Trans-Atlantic Ties Still Key to Renewing U.S. Global Leadership

Trans-Atlantic Ties Still Key to Renewing U.S. Global Leadership

For roughly a decade now, I’ve been advocating that America needs to be unsentimental in choosing its military allies for the 21st century. Europe and Japan are aging and seem increasingly less willing to protect their interests abroad, while India and China are becoming budding superpowers with global interests that, to a stunning degree, overlap with America’s. Most pointedly, we live in an age of “frontier integration” triggered by globalization’s rapid advance, a process in which China and India, and not the “old” West, are the two rising pillars. So it makes sense for America to focus future alliance-building efforts in their direction.

That kind of long-range argument logically requires a good couple of decades to actualize, especially given the strategic distrust visible today among all three parties. But that’s the whole idea about thinking strategically: You lock in on the “inevitable,” however inconceivable it may seem from today’s perspective, and you lay the groundwork for that future, year-in and year-out. Strategic shifts are generational tasks, so these seeds need to be planted with the Millennials now, in the hope of their fruition come 2030.
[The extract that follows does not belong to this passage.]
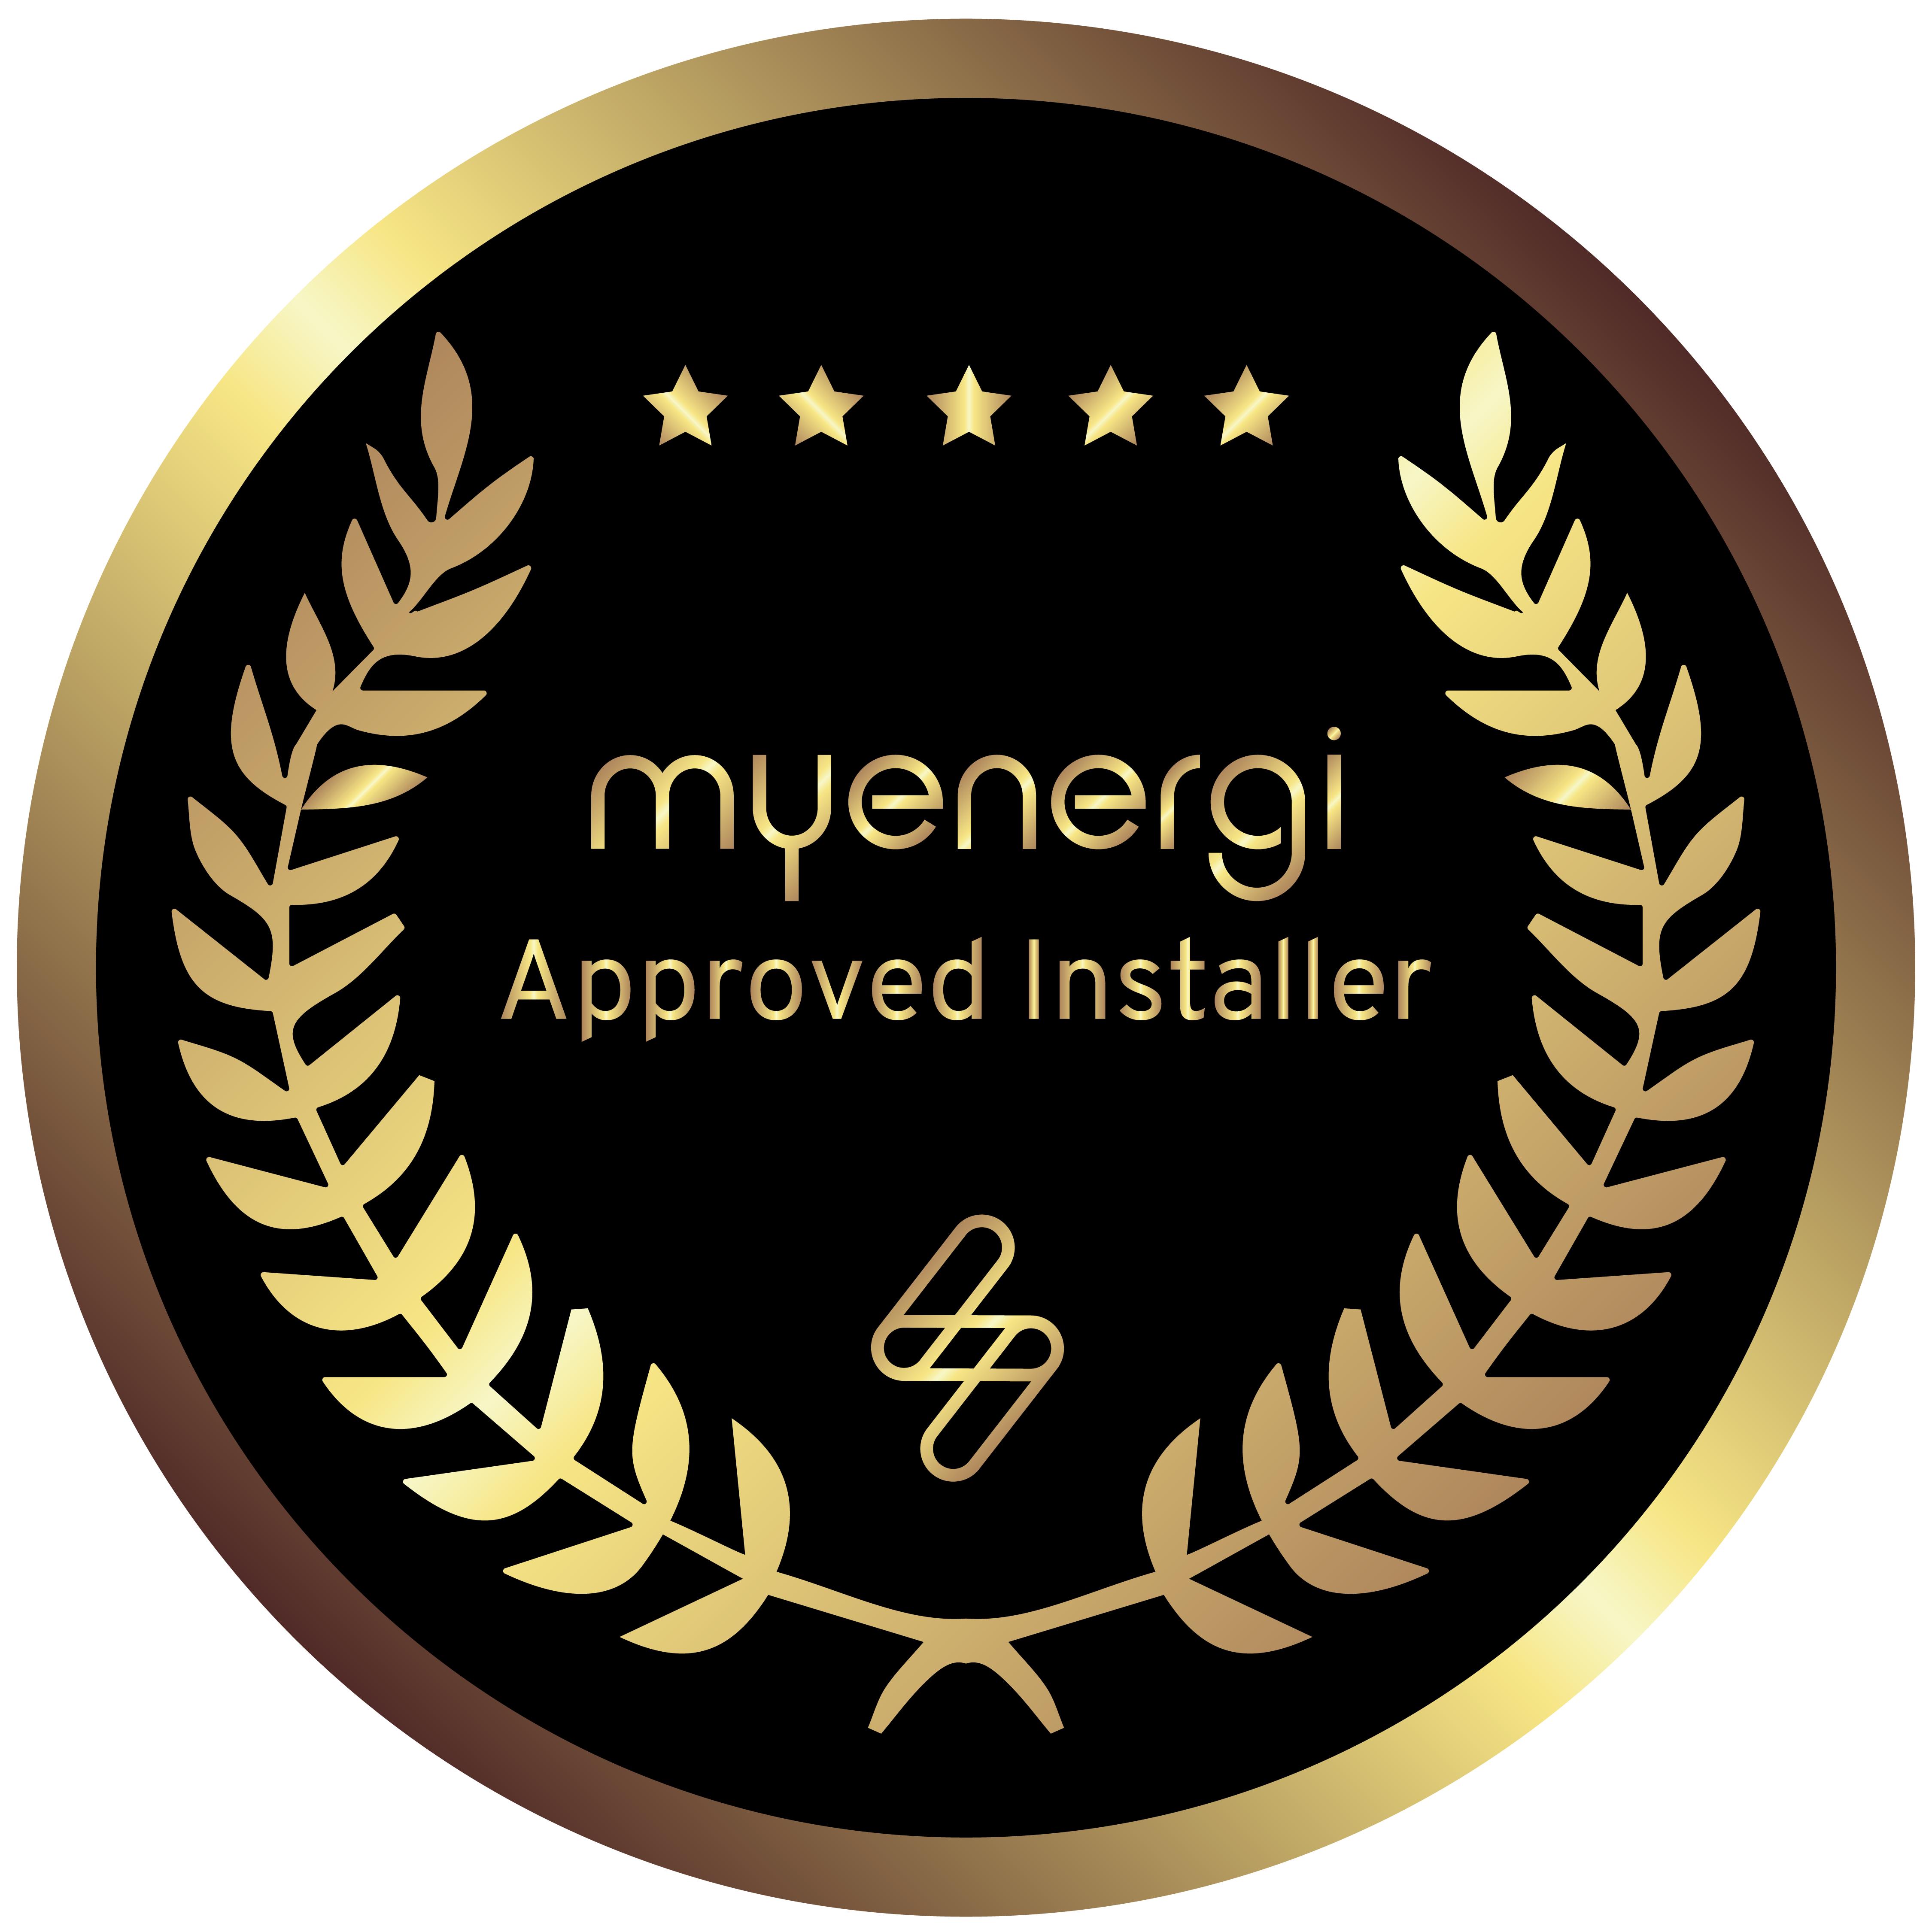 approved installer badge

Readers familiar with my old column here will remember how I’ve taken to describing that 2030 future as the C-I-A world, as in, one run by China, India and America. But recently, thanks to a series of long-range simulations run by Wikistrat, where I serve as chief analyst, I’ve found myself thinking that renewing the trans-Atlantic bond with Europe may be the best way to assure the right kind of U.S. global leadership as we move toward that 2030 horizon.